Financial Debt and the Road to Moral Bankruptcy

As America’s most indebted State, California has
been mercilessly criticized for its debt and even the State’s own Treasurer has
called the situation a “fiscal train wreck”[1]  that appeared to be on the road to bankruptcy.

Many in Canada looked on in bewilderment, wondering
how a State as impressive and productive as California could be in such
straits. Yet it might be time to bring that bewilderment home. The Fraser
Institute recently reported that Ontario’s current debt levels exceed the
infamous debt of California.[2]
Against a comparative measure of bonded debt (i.e. the portion of the
province’s, or State’s, total tax-supported debt as represented by outstanding
bonds), Ontario’s debt is almost two-thirds larger than California’s. The
situation is even worse than it appears when taking into account the fact that California’s
economy and population is substantially larger than Ontario’s. In fact,
Ontario’s debt as a percentage of GDP is nearly identical to the debt-to-GDP
ratio of Greece only 10 years ago.

Will Ontario spiral into a suffocating debt crisis
that threatens bankruptcy? From a financial standpoint, it’s hardly likely.
There’s still plenty of time for the province to take corrective measures
before a Greek-style meltdown occurs. The real danger lies in these corrective
measures taking the form of moral bankruptcy.

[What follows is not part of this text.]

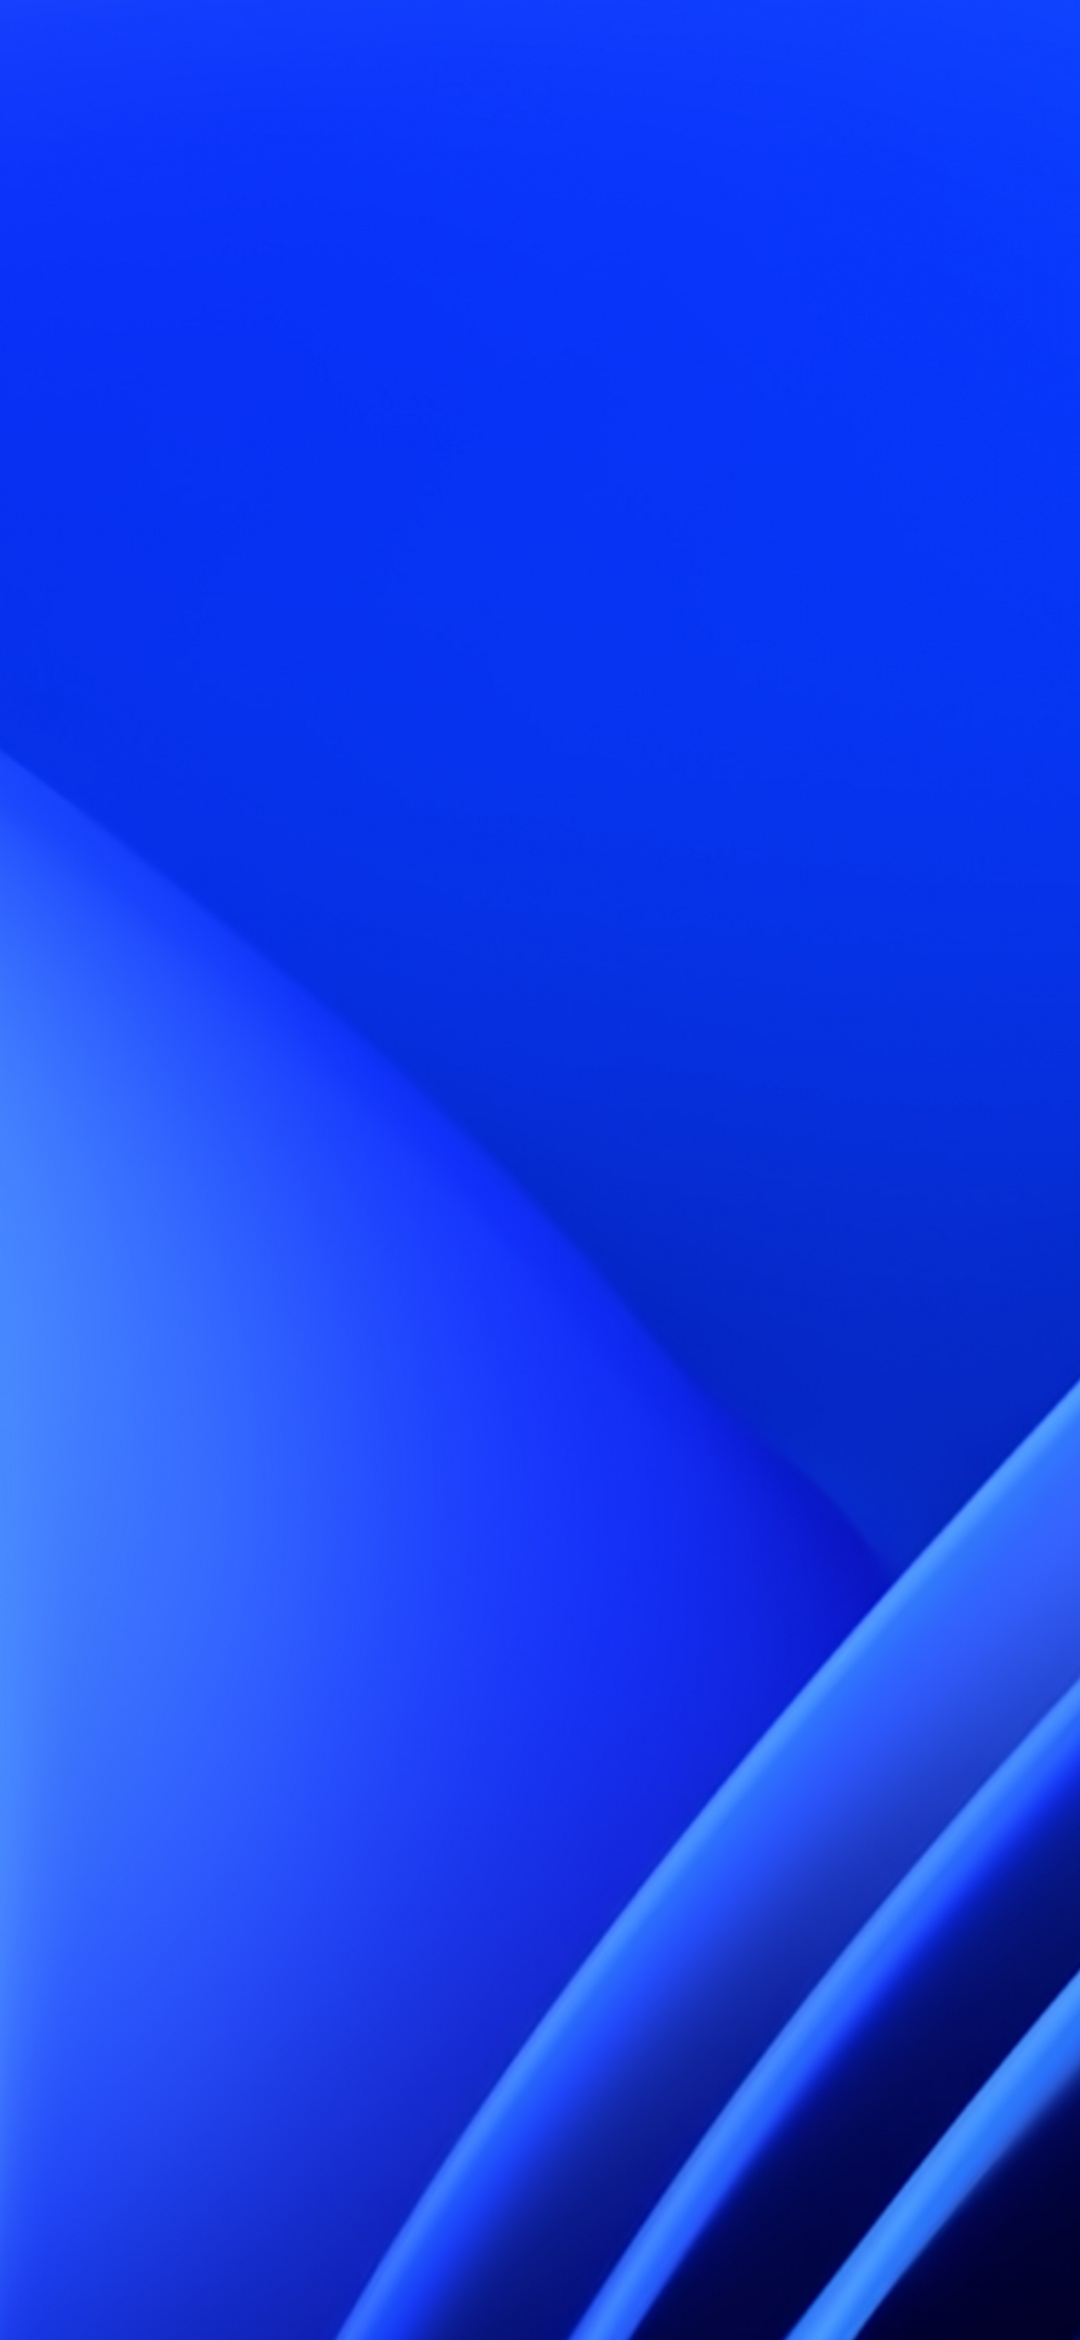 Windows 11 đã chính thức ra mắt và hình nền màu xanh dương 4K sẵn sàng để thay đổi diện mạo cho máy của bạn. Tận hưởng mức độ chi tiết cực cao và độ sắc nét vượt trội với hình ảnh này, khiến bạn cảm thấy vừa đẹp mắt, vừa thư giãn.

Ontario’s debt problems have been profoundly
exacerbated by mismanagement at the governmental level. During McGuinty’s rein,
the provincial debt has more than doubled.[3]  From the financial irregularities of the Ornge
scandal to the overspending on security at the G20 meeting in Toronto to the cancellation
of power plants in Mississauga and Oakville that cost Ontario taxpayers
hundreds of millions of dollars[4],
the list of managerial missteps of this Liberal government whilst under the
leadership of Dalton McGuinty is extensive. However, instead of seeing a
government humbled by its flawed financial stewardship, we’ve received one that
looks for scapegoats on which to shift the blame. Despite the fact that neither
labour wages for workers nor labour costs for businesses doubled alongside the
provincial debt, the scapegoat of choice appears to be organized labour.

As we
discussed in earlier posts, the government passed Bill 115 and circumvented the
collective bargaining process to force teachers to accept a two-year wage
freeze to help trim a provincial deficit of nearly $15 billion. In a statement
rife with hypocrisy, Education Minister Elizabeth Broten has said that, in
opposing Bill 115, the leaders of the teachers’ unions “refuse to accept our
fiscal realities,”[5].
In other words, public sector workers must sacrifice their rights and quality
of life in order to help pay down massive debts run up by the governing
Liberals.

Implicating
labour costs, even indirectly, in a debt created in no small measure by the
managerial mistakes of this government and then using the debt to justify
freezing wages is simply not a tenable position. The workers didn’t cause this
mess. The mess was caused by fiscal imprudence and external factors like the
global recession, neither of which were the result of labour costs. Still, this
hasn’t stopped the Liberals, in their wisdom, from using this mess to create a
more complex and nuanced mess by attacking unions and adding labour disputes to
the mix.

The
government also appears to be using debt concerns to thwart a public inquiry
into the power plants affair, stating that an inquiry into the matter would be “too
costly.”[6] It
would be nice if this came as a surprise, but in a system as morally bankrupt
as the one previously led by McGuinty appears to be, any inquiry that strives
for accountability and which seeks to scrutinize decisions that added to the
debt cannot help but be “too costly”.

Of
course, Kathleen Wynne has only recently assumed leadership of the Liberals and
it’s possible she won’t be a carbon copy of her predecessor. Any change at the
top opens the door to new ways of doing things. 
There’s a chance Wynne may yet prioritize accountability, bear at least
a modicum of responsibility for her party’s role in creating Ontario’s massive
debt, stop trying to pay down deficits by trampling union rights, and not allow
financial burdens to lead this province down the road to moral bankruptcy.